How V8 Turbocharged JavaScript with Mutable Heap Numbers

In the relentless pursuit of speed, the V8 team recently targeted the JetStream2 benchmark suite to smooth out performance cliffs. One standout improvement—a 2.5× boost in the async-fs benchmark—came from rethinking how numeric values are stored in script contexts. This optimization was inspired by a common pattern in the benchmark that also appears in real-world code. Below, we break down the problem and the solution in a Q&A format.

What was the bottleneck in the async-fs benchmark?

The async-fs benchmark simulates a file system using asynchronous JavaScript operations. Surprisingly, the major slowdown was inside a custom Math.random implementation. The benchmark needed deterministic random numbers, so it replaced the native Math.random with one that updates a seed variable stored in the ScriptContext. Each call to Math.random mutated seed, but because the script context held only a pointer to an immutable HeapNumber, every mutation required allocating a new HeapNumber object on the garbage-collected heap. Over thousands of calls, this allocation churn caused a severe performance drop.

What is a ScriptContext and why does it matter?

A ScriptContext is an internal array that stores all values accessible within a given script—variables, function scopes, etc. In V8, each element of this array is a tagged value (32 bits on 64‑bit systems). The least significant bit (tag) tells the engine how to interpret the value: a 0 means it’s a Small Integer (SMI) stored directly (shifted left by one bit), while a 1 means it’s a compressed pointer to a heap object. Numbers larger than 2³¹ or with fractional parts cannot be SMIs; they are stored as HeapNumber objects (64‑bit doubles) on the heap, with the script context holding only a pointer. This design is efficient for integers but creates overhead when a variable’s numeric value changes frequently.

How did V8 store the seed variable before the optimization?

Before the optimization, the seed variable in the async-fs benchmark was stored as a HeapNumber object. The script context slot contained a compressed pointer to that immutable HeapNumber on the heap. Because seed is updated on every call to Math.random, the runtime could not reuse the existing HeapNumber—it had to allocate a brand new 64‑bit double on the heap each time. This allocation, plus the associated garbage collector pressure, became the primary performance bottleneck, accounting for hundreds of thousands of allocations in a short period.

What did the V8 team change to fix this?

The team introduced mutable heap numbers.

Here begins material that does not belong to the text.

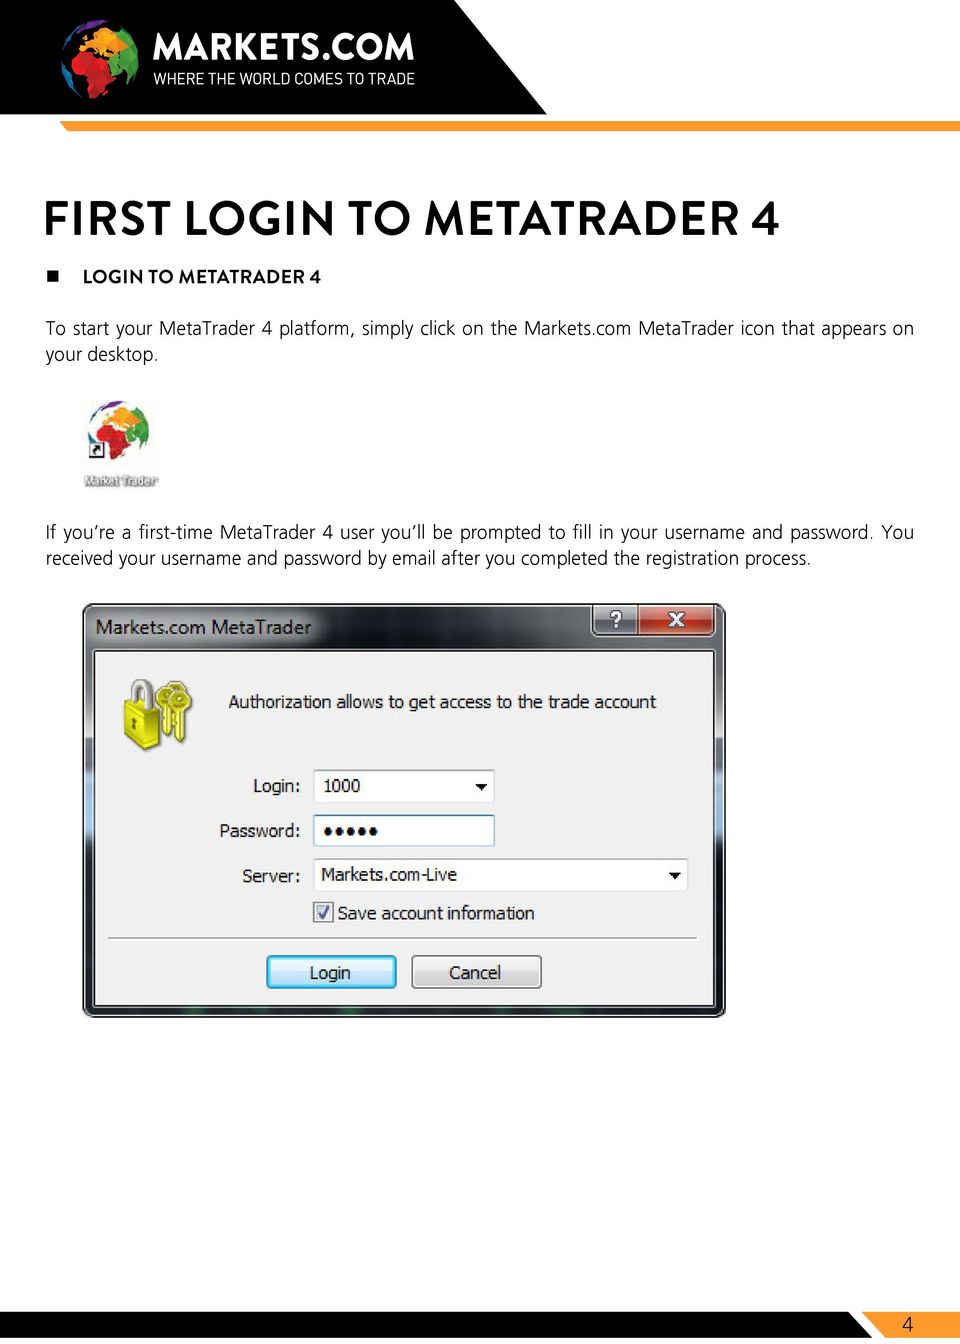 If you re a first-time MetaTrader 4 user you ll be prompted to fill in your username and

Instead of forcing every numeric variable that is not an SMI to be an immutable HeapNumber, they allowed the script context to directly store the raw double-precision floating-point value without a tag. This means the 64‑bit value of seed can be stored inline in the context array, and updates simply overwrite that slot—no new heap allocations needed. The engine still uses the tag bit to distinguish between an SMI and this “untagged double” representation. The change eliminated the allocation bottleneck, giving the 2.5× speedup in the async-fs benchmark and contributing to an overall improvement in the JetStream2 score.

Why was this pattern considered real-world?

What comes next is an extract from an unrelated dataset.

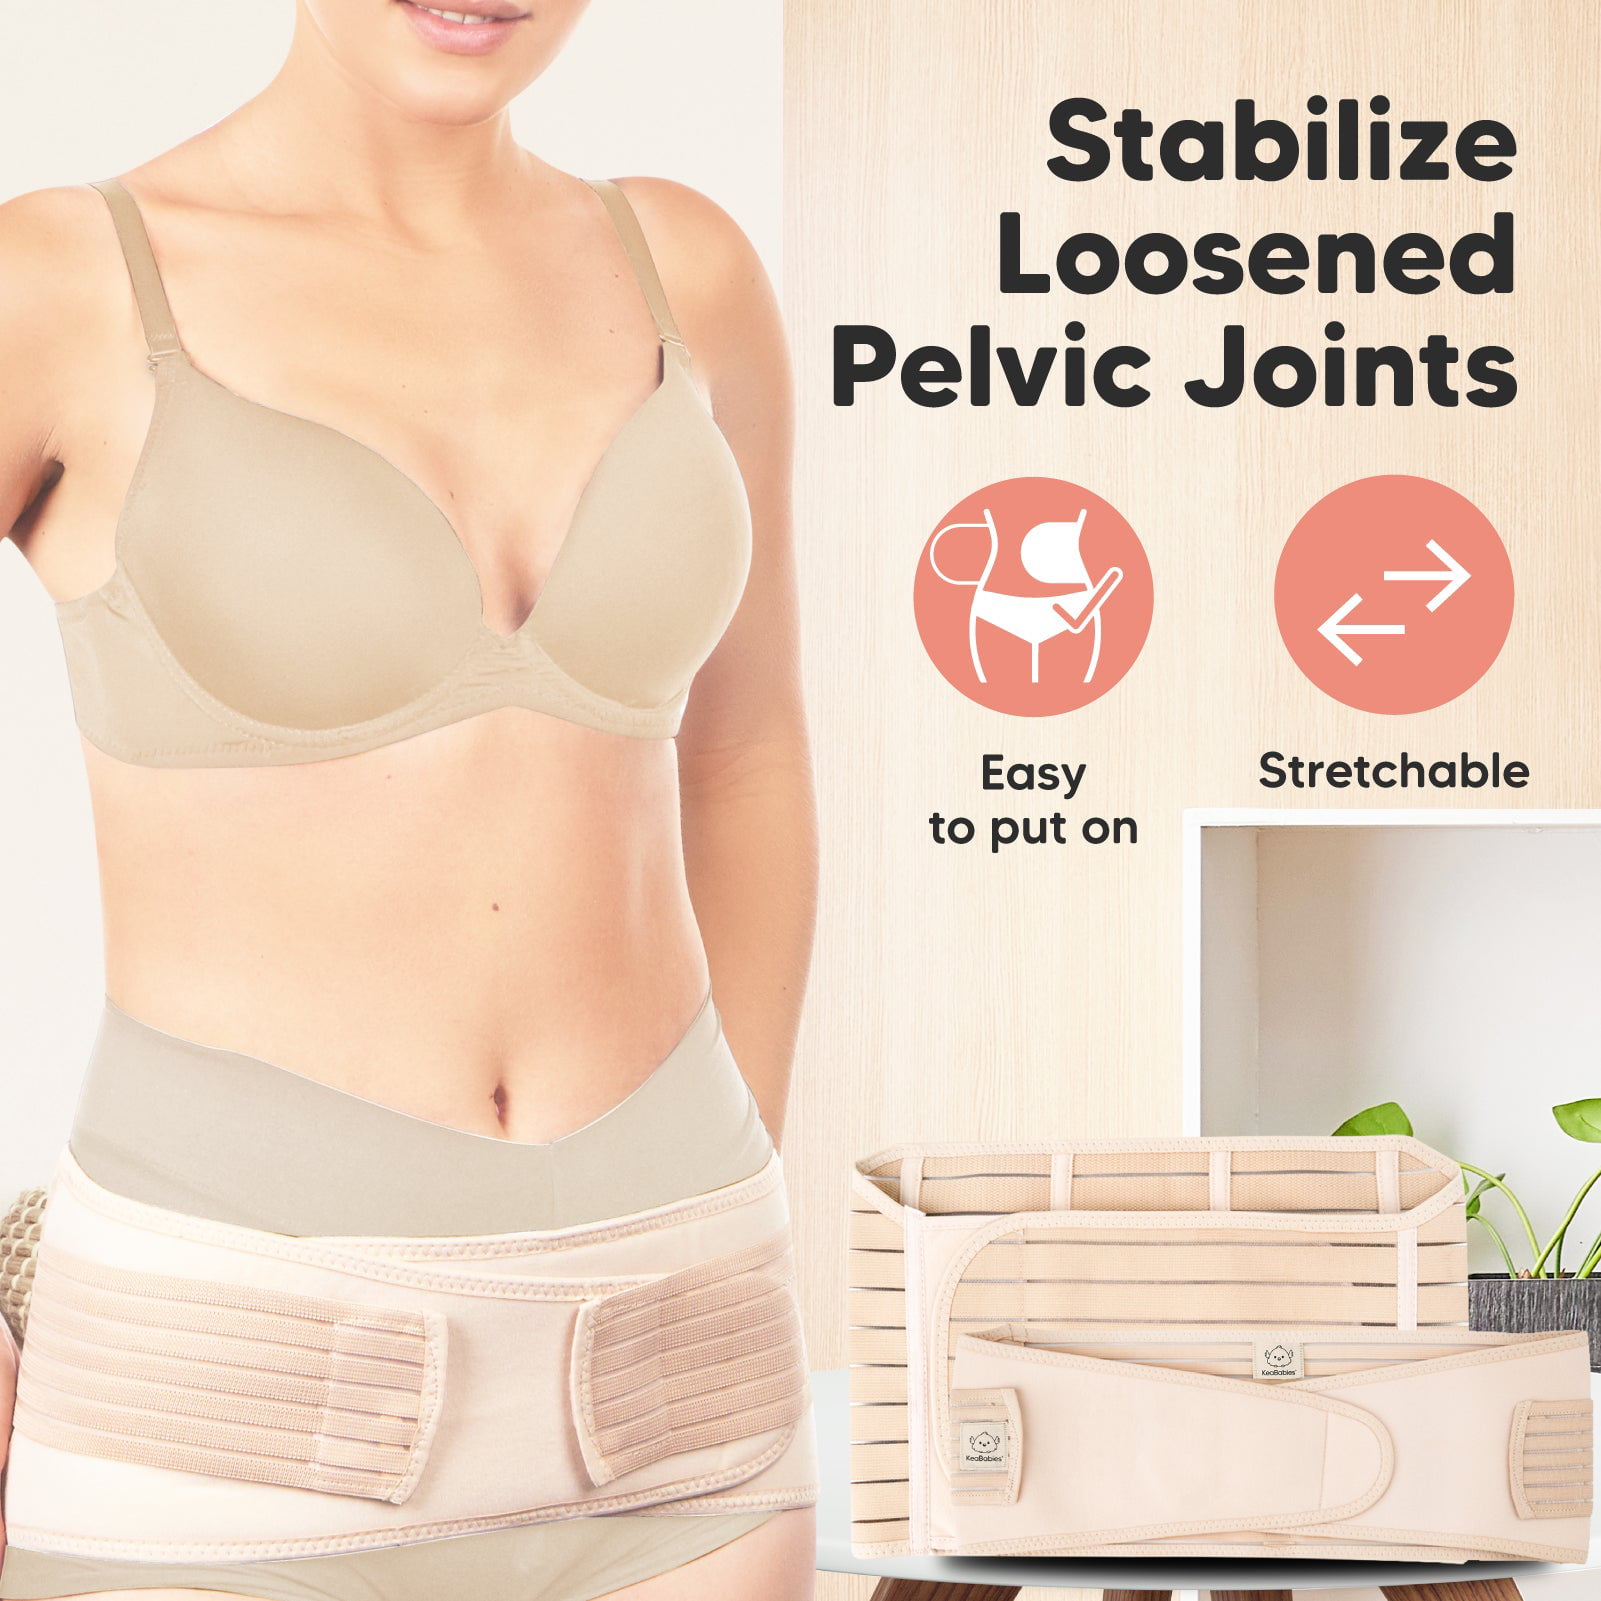 *NEW* 3 in 1 PostPartum Recovery Shaper

Although the optimization was inspired by a benchmark, the pattern of storing a mutable numeric seed (or similar state) in a context variable appears in real JavaScript applications. For example, game engines, procedural generation libraries, or cryptography polyfills often implement their own deterministic Math.random or pseudo‑random number generators. Any code that frequently updates a non‑SMI number in a closure or global scope could suffer from the same HeapNumber allocation overhead. By making heap numbers mutable when stored in contexts, V8 addresses a performance cliff that developers might encounter outside synthetic tests.

What are the key learning outcomes for developers?

Developers should understand that not all numbers are created equal in JavaScript engines. While the V8 team optimizes internal representations transparently, performance‑sensitive code that frequently mutates numbers outside the SMI range (like sliding‑window counters, large hashes, or random seeds) can benefit from this improvement. However, the main takeaway is that modern V8 now handles such patterns more efficiently without manual workarounds. If you see a performance issue related to repeated number assignments, consider whether the value fits in an SMI (integer up to 2³¹). If not, the engine’s new mutable heap number technique reduces allocation pressure automatically—just update your V8 version to at least the one containing this optimization.